* **The task**: A faithful copy of the listing below is needed, with its pictures left out.

* **Supplied data**:
>>>>>

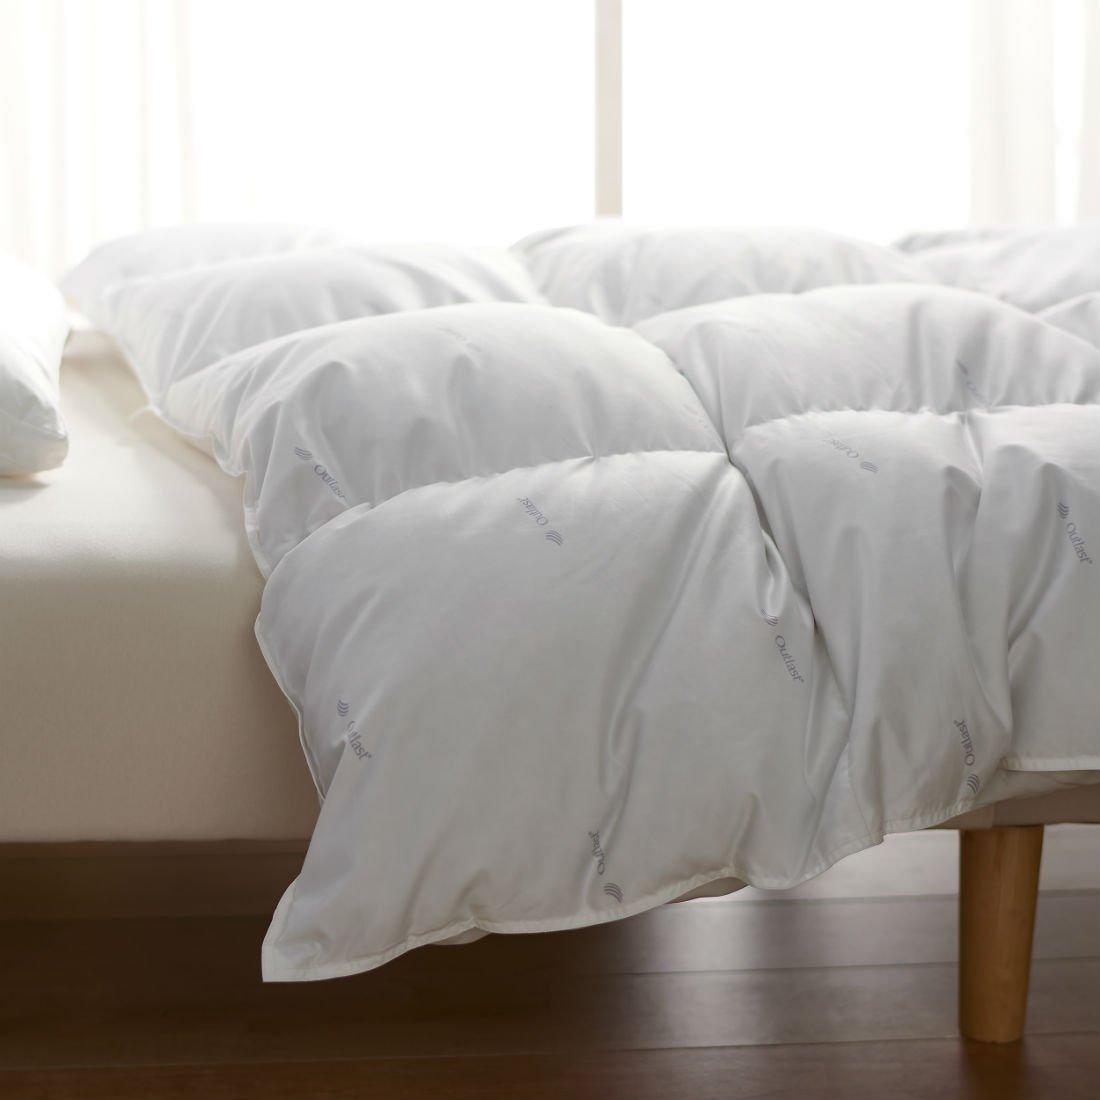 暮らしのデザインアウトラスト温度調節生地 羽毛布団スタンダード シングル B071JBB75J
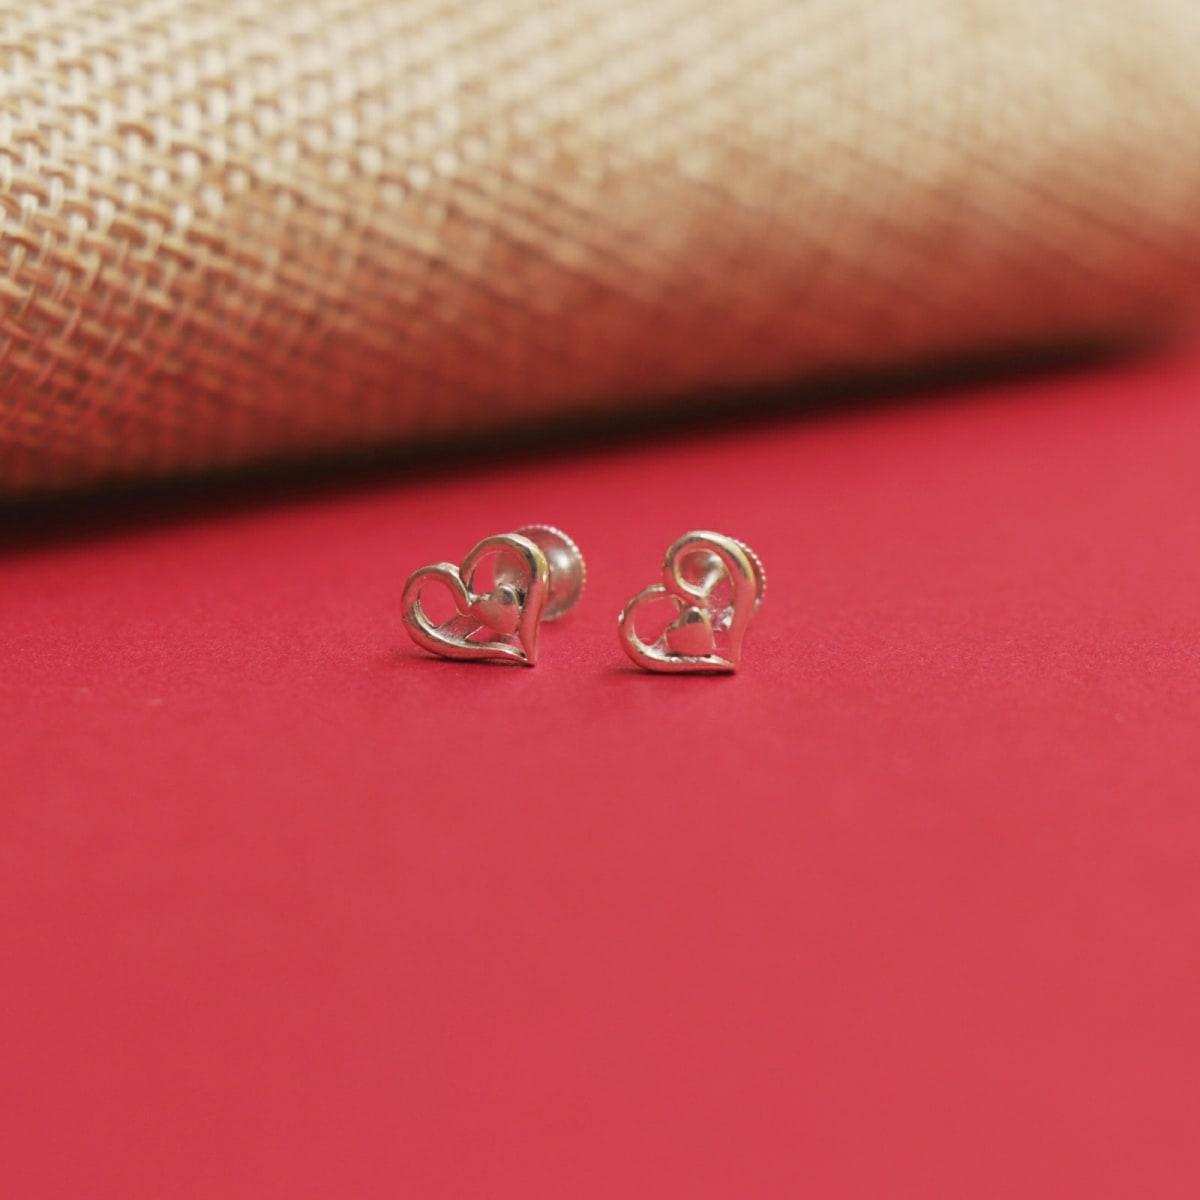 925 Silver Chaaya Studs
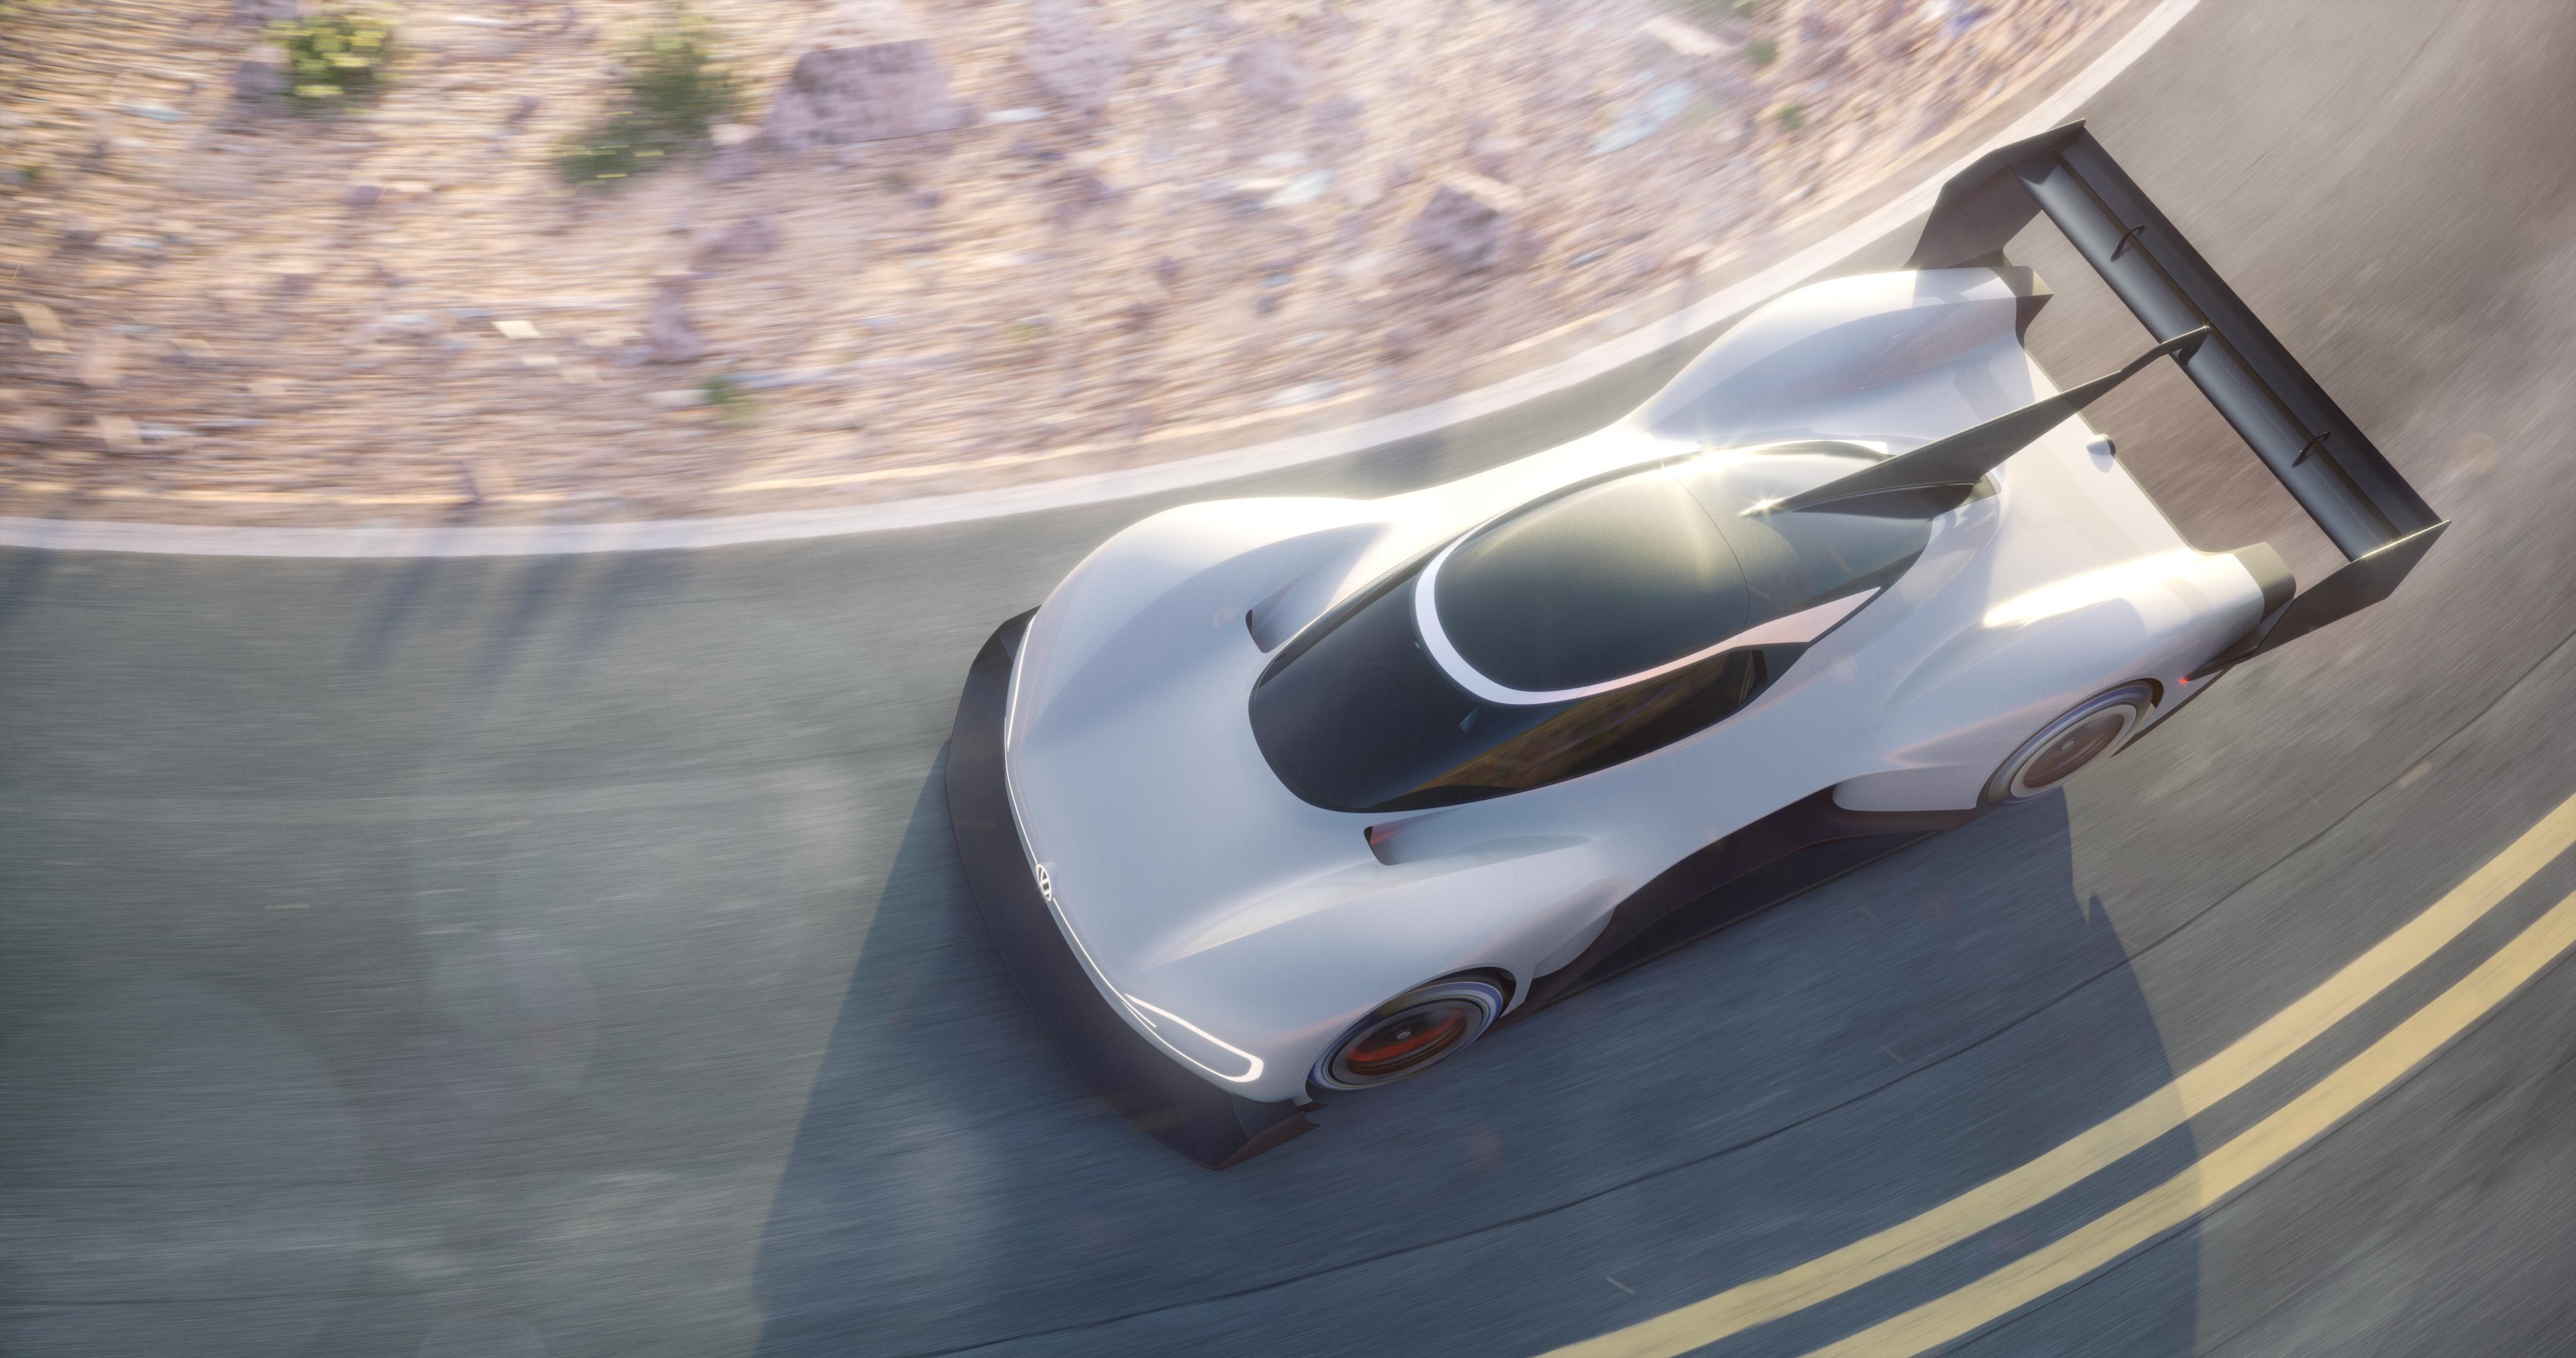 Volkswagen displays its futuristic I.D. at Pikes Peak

<<<<<

* **Result of this task**:
 暮らしのデザインアウトラスト温度調節生地 羽毛布団スタンダード シングル B071JBB75J
 925 Silver Chaaya Studs
 Volkswagen displays its futuristic I.D. at Pikes Peak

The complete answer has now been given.